Im Interview mit freiheit.org fasst die Expertin für Umsiedlung und Migration, Dr. Rubio Díaz Leal, die aktuelle Lage wie folgt zusammen: „Betrachtet man die Narrative und das Framing, wie es durch die neue Regierung an den Tag gelegt wird, dann würde sich daraus eine kohärente, integrale und inklusive Migrationspolitik ergeben.“ Inwieweit der Präsident aus diesen Narrativen tatsächlich ein neues Regierungshandeln und schließlich konkrete Gesetze ableitet, erscheint der Expertin hingegen fraglich. Es lassen sich jedoch erste Ansätze erkennen.

Ein Novum in der Migrationspolitik sind beispielsweise die Vergabe von humanitären Visa, die den Migranten nicht nur einen zwischenzeitlichen legalen Aufenthalt bieten, sondern auch eine Arbeitserlaubnis sowie Zugang zur Gesundheitsversorgung bieten. Darüber hinaus hat die Regierung unter Andres Manuel López Obrador (AMLO) eine Entwicklungsinitiative für Südmexiko gestartet. Sie umfasst große Infrastrukturprojekte wie den „Maya-Zug“, um die Region touristisch zu erschließen und damit die Wirtschaft anzukurbeln. Die zentralamerikanischen Migranten sollen sich – wie  Gastarbeiter– an dem Projekt beteiligen. Weiterhin hat AMLO an seinem ersten Tag nach der Amtseinführung einen mexikanischen Marshall-Plan mit den Regierungen des Norddreiecks (Guatemala, Honduras, El Salvador) verabschiedet, um die Entwicklung der südlichen Nachbarregion zu forcieren und dadurch die Fluchtursachen zu bekämpfen.

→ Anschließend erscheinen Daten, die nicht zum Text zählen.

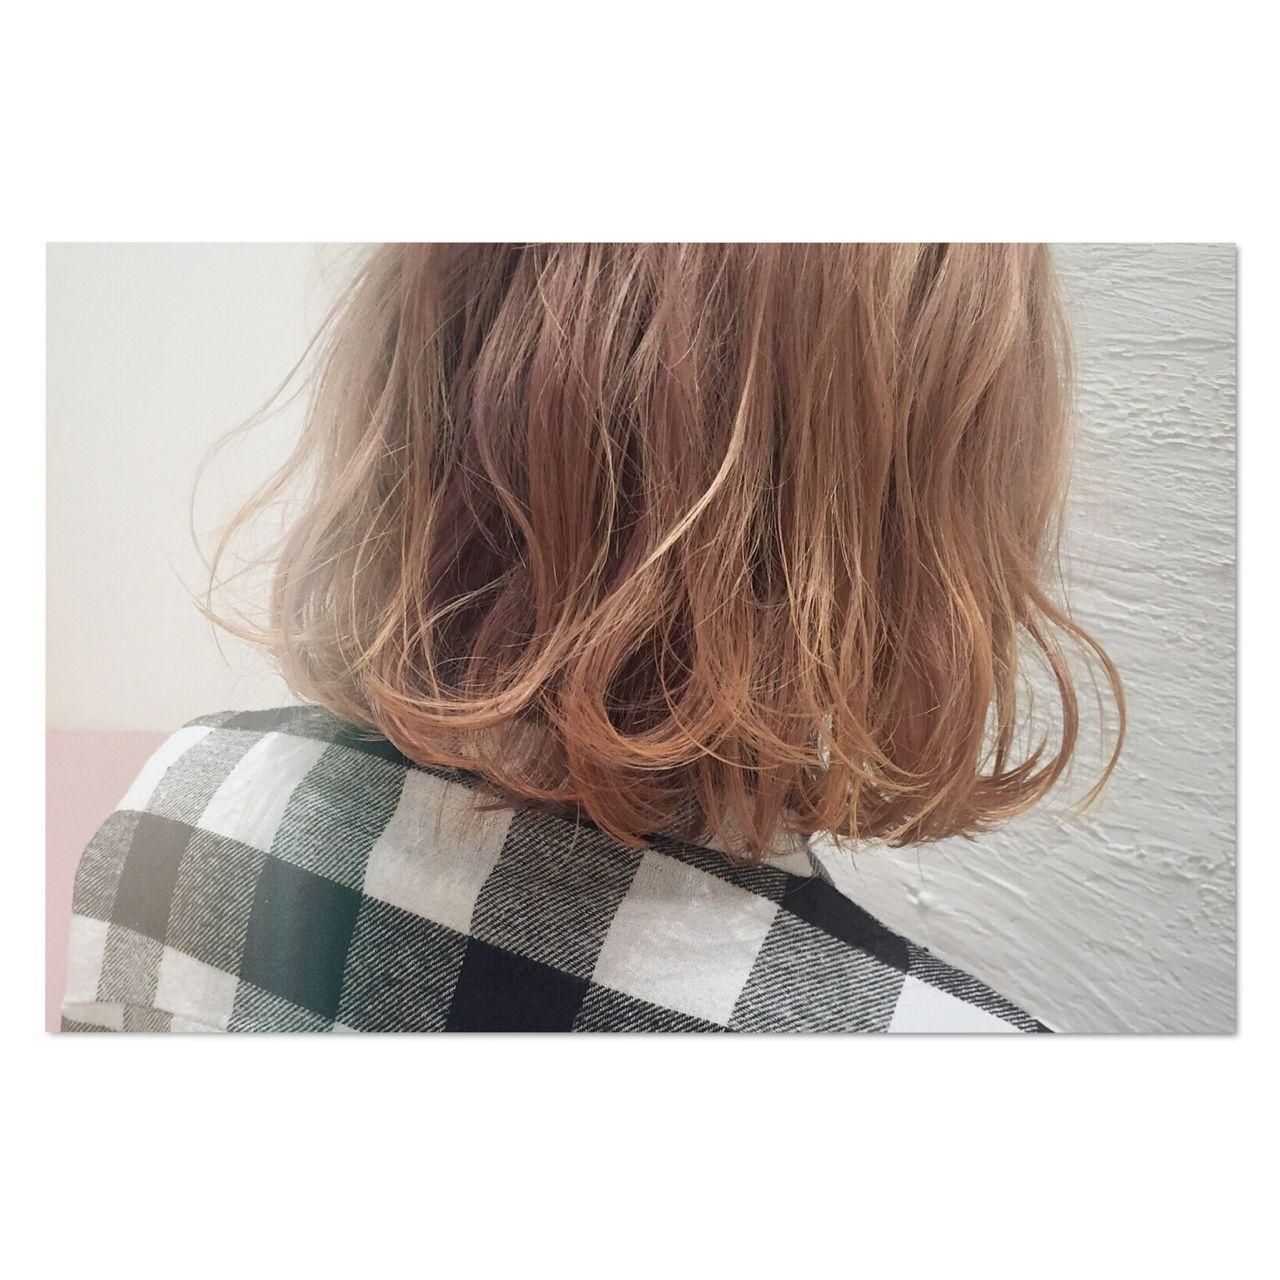 センターパート パンク ストリート ロング ヘアスタイルや髪型の写真・画像

Dr. Brown-Gort begrüßt diese ersten Schritte in, wie er sagt, die „richtige Richtung“. Nichtsdestotrotz sieht er große Herausforderungen vor allem bei der Finanzierung und damit verbunden einer schnellen Umsetzung, um die „Migrationswende“ zu schaffen.

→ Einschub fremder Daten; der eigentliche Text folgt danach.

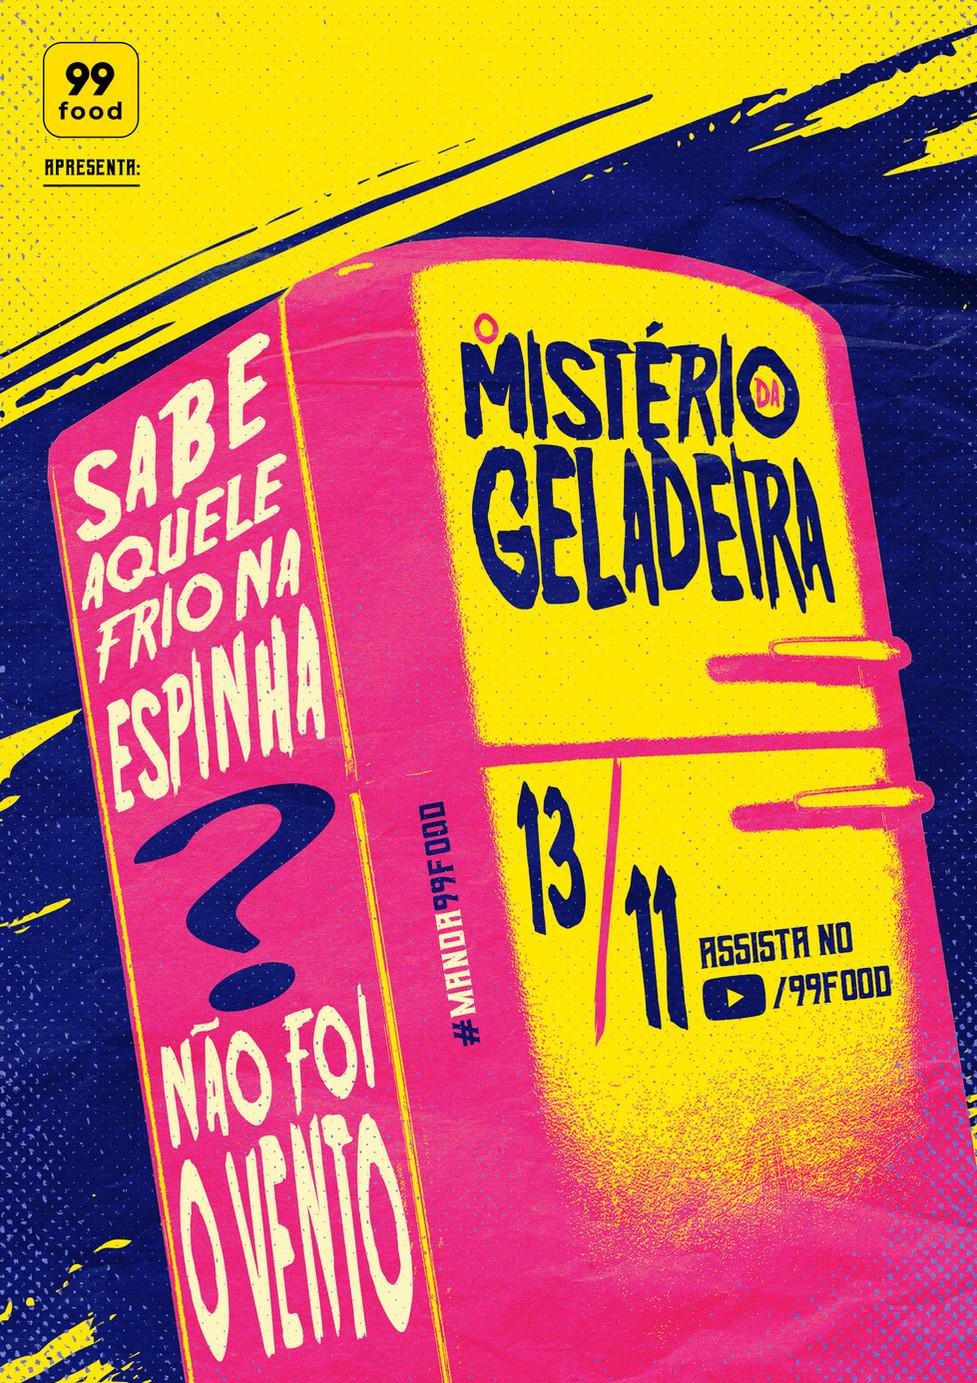 99Food_MisterioGeladeira_OOH-02.jpg

Ein Migrant aus Zentralamerika hält eine Plakate mit dem Schrift : " Wir haben nicht gegen der Mexikaner, aber schon gegen der Politik der mexikanischen Regierung"
Ein Migrant aus Zentralamerika hält eine Plakate mit dem Schrift : " Wir haben nicht gegen der Mexikaner, aber schon gegen der Politik der mexikanischen Regierung" © CC BY 2.0 / Flickr / Prensa CIDH

Der neue Ansatz strebt an, die Migrationsströme in die USA durch eine „Freizone“ im Grenzgebiet zu konterkarieren. Die im Januar etablierte Freizone soll Arbeitsmöglichkeiten durch dramatische Senkung der Mehrwertsteuer (von 16 Prozent zu 8 Prozent) und Gewerbsteuer (von 30 Prozent zu 20 Prozent) sowie die Verdopplung des Mindestlohns auf 8,15€ pro Tag schaffen. Von diesen Neuerungen sollen nicht nur die Mexikaner, sondern auch Migranten aus den Karawanen profitieren.

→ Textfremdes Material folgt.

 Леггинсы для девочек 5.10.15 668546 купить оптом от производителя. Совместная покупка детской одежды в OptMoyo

In Expertenkreisen wird indirekt auf eine starke Zusammenarbeit zwischen Trump und AMLO verwiesen. Es stellt sich die Frage, inwiefern es trotz der nach außen unterschiedlichen Haltungen gemeinsame Interessen der beiden Regierungen gibt oder inwiefern die Regierung AMLOs als Helfer der US-Regierung dient. Die Antwort ist klarer anhand der gestrigen Vereinbarung geworden.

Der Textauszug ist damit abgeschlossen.